Integrated Intrusion Detection Model Using Chi-Square Feature Selection and Ensemble of Classifiers

Intrusion detection system is a device or software application that monitors a network of systems to identify any malicious activity or policy violations. In order to identify intrusions or normal activity, IDS would consider different network-related features such as source address, protocol and flag. The major challenge for any intrusion detection model is to achieve maximum accuracy with minimal false alarms. The aim of this paper is to identify the critical features required in the construction of intrusion detection model, thereby achieving the maximum accuracy. The model utilizes an ensemble approach of classifiers with minimum complexity to overcome the issues in the existing ensemble-based intrusion detection models. In this paper, Chi-square feature selection and the ensemble of classifiers such as support vector machine (SVM), modified Naive Bayes (MNB) and LPBoost are utilized to develop an intrusion detection model.
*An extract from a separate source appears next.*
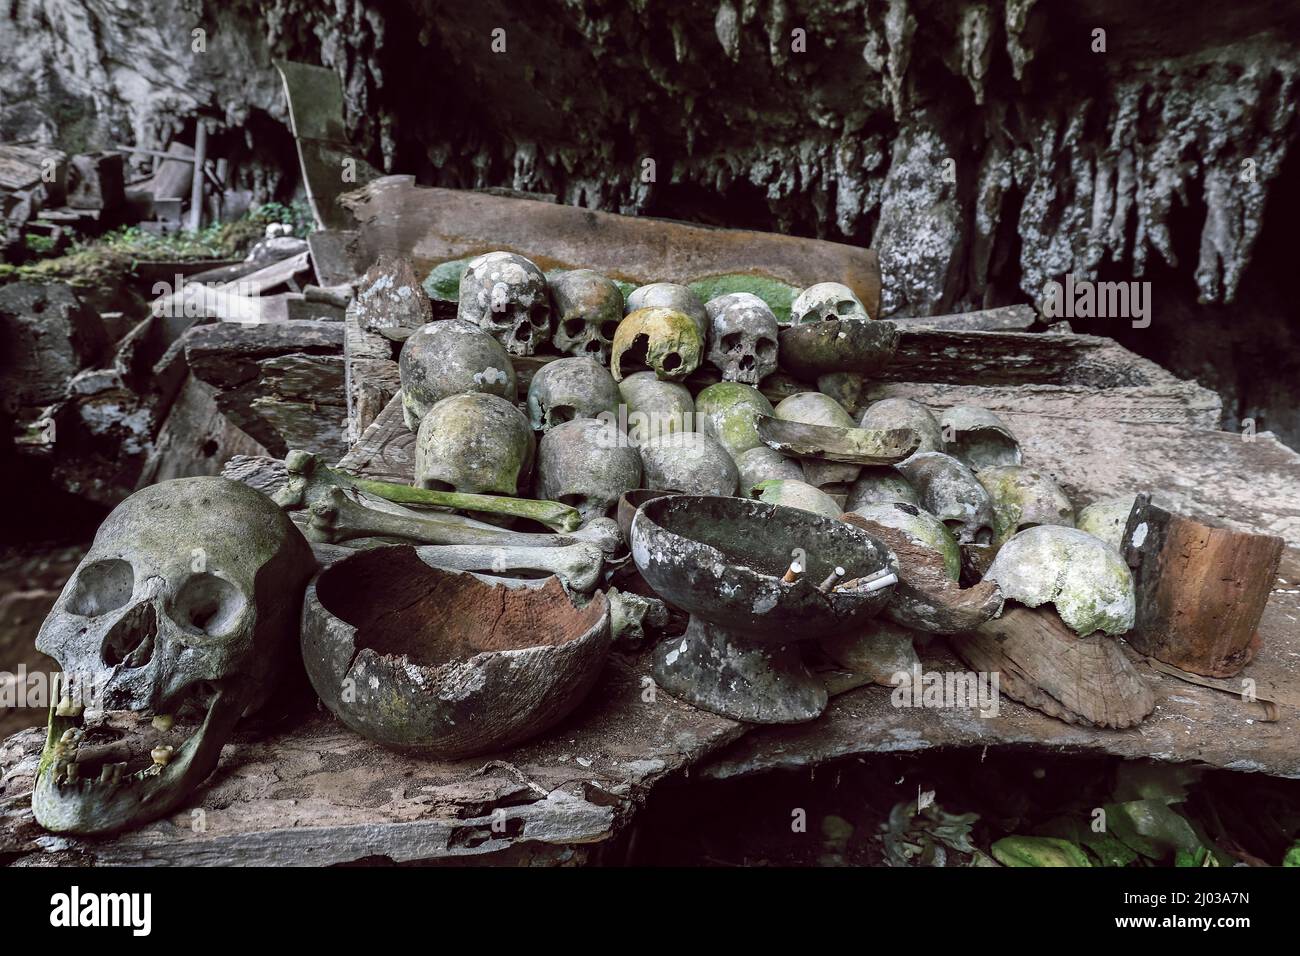 Schädel in einer 700 Jahre alten Grabhöhle in Lombok Parinding, nördlich von Rantepao, Lombok Parinding, Toraja, Süd-Sulawesi, Indonesien, Südostasien, Asien Stockfoto

The motivation for selecting Chi-square feature selection is that they rank the features based on the statistical significance test and consider only those features that are dependent on the class label. Supervised classifiers are highly consistent and produce precise results as the use of training data improves the ability to distinguish between classes with similar features. Experimental results indicate high accuracy in comparison with base classifiers by the ensemble of LPBoost. As there is a huge class imbalance present in the network traffic, the prediction of the class label by a majority voting of SVM, MNB and LPBoost is an optimal solution in preference to reliance on a single classifier.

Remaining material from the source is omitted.